For an industry that has for ages taken ‘pride’ in its dalliance with nepotism, for an industry that gloats its ability to spot and nurture talent often through the prism of a surname or lineage, for an industry that’s a masterclass on turning its award ceremonies into a mutual admiration society for those with vested interests, for such an industry, people like Rajput are cannon fodder, collateral damage that can be best condoled through social media posts and safely forgotten for the next premiere night.
This is the same Bollywood that bends over backwards to stand by the members of its coterie, a carefully-curated circle of ‘insiders’ that decides whom to promote and whom to deride, depending upon which side of the bread is buttered. This is the same Bollywood that takes a swipe at a playback singer for having turned up at an awards night in his flip-flops, but doesn’t care two hoots even when there are tell-tale signs of despondence in an actor’s social media posts for almost six months.

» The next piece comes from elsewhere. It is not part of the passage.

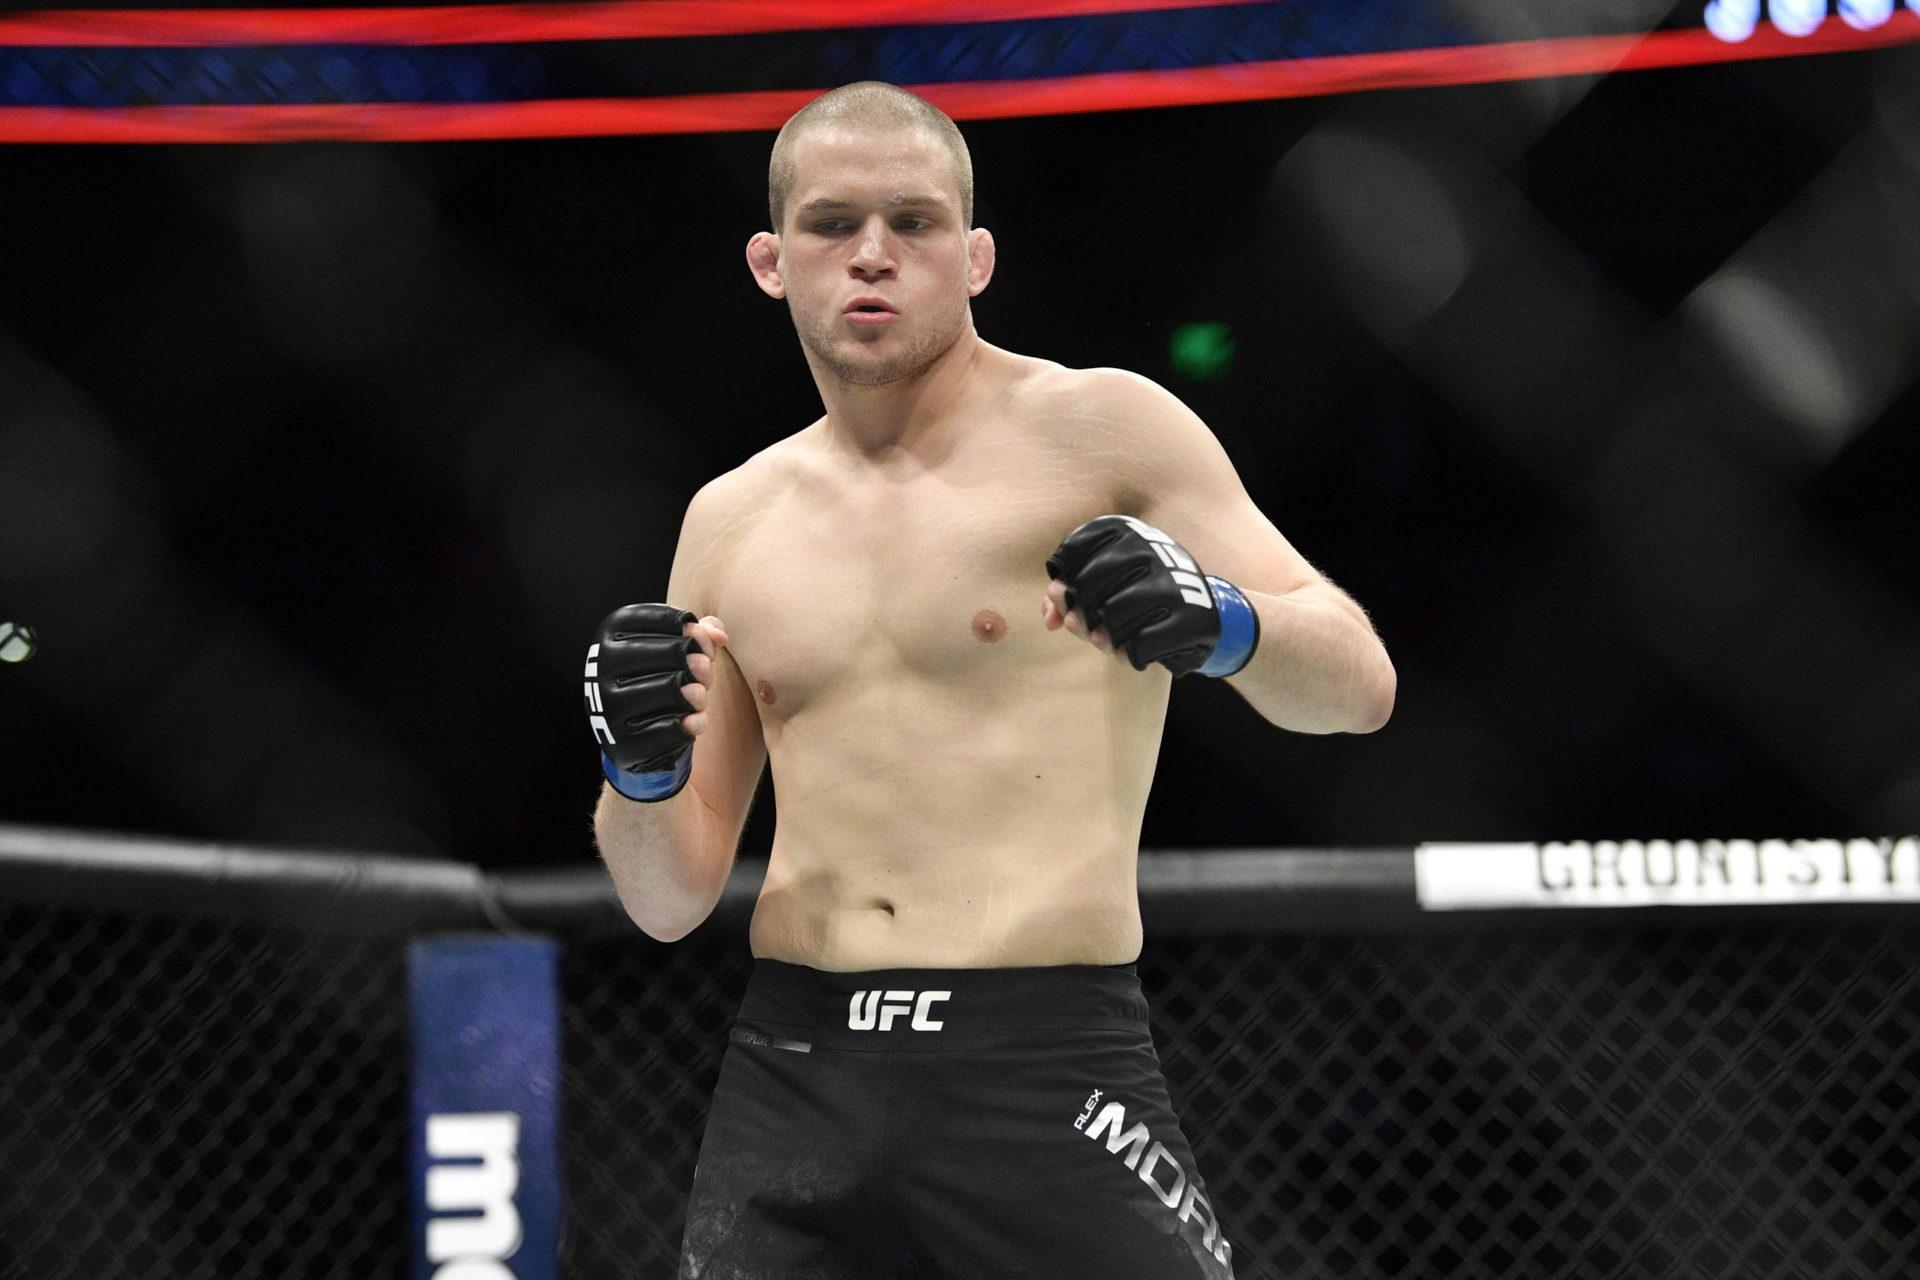 As Alex Morono Fights Mickey Gall in The UFC Welterweight Main Event, Who Will You Bet On?

Riding roughshod over dreams
So every time a Rajput — and countless others like him who had made it big in B-Town without a family name to boast — commits suicide, remember, there’s a larger damage that is inflicted — silently, but definitively. All these deaths are affirmations of not just a ruthless industry letting some of its talented foot soldiers fall by the wayside in the larger battle for name and fame, but it’s also a sign of an industry riding roughshod on the dreams and hopes nurtured by those millions in small towns and Tier 2 and 3 cities for whom the silver screen in general and Bollywood in particular is a vehicle to wish fulfilment in figurative terms.
Follow that star
When Amitabh Bachchan was making his maiden political pitch as the Congress candidate from Allahabad in December 1984, a political correspondent from Kolkata, who was in Allahabad to cover the elections, wrote in his dispatch that the very first person in the queue at one of the polling stations had a hairstyle that was a replica of ‘Big B’s’ iconic hairdo. There was perhaps a ‘Bachchan’ in that young man whose dreams would definitely have taken a bashing with this Rajput’s death. There was this domestic help called Roshni [name changed] at my hostel in New Delhi who hailed from a village in Rajasthan. She would never miss the latest Madhuri Dixit release to hit the screens. When a Jiah Khan takes her life or a Divya Bharti allegedly jumps to her death, perhaps with them, there are countless Roshnis whose aspirations die a hundred deaths too.
Angst of living and dying
Of course Bollywood stars have their die-hard fans among Metro India too, but the angst of living and dying in the throes of poverty, the urge to keep the fire burning in the midst of a skewed social order steeped in caste-bias, the ambition to tide over the odds in the quest for a bigger, better tomorrow can never be felt, can never be manifest in such raw, rudimentary, existentialist terms as felt through lived-experiences in the hinterlands, in the dust bowls of the world’s second-most populous nation. To give just one example and help put things in perspective, 80 per cent of India’s total workforce even until this date comprises daily wage earners who are mostly from rural India.
That is why when Manoj Bajpayee talks about the ‘anger’ in the man on the street over Rajput’s death, it’s a clear reference to the angst, the frustration of these minions for whom even one Sushant Singh Rajput from a non-Metro like Patna is worth ten text-book cases of a social hero.
Death of a resolve
The villain-punching, on-screen heroics that Bollywood churns out day in and day out help ‘transport’ millions, who do not even have access to two square meals a day, to ‘moksha’. It is an aphrodisiac of sorts that allows them to transcend the sheer pain of survival. In that sense Bollywood is transcendental, Bollywood is uplifting, Bollywood is belligerence to defy the odds. But every time a Sushant Singh Rajput dies, that belligerence, that desire, that resolve dies a silent death too.
So instead of sharing those faux emotions for mass consumption, think Bollywood, think. Ask yourself this question: Did you really deserve a Rajput?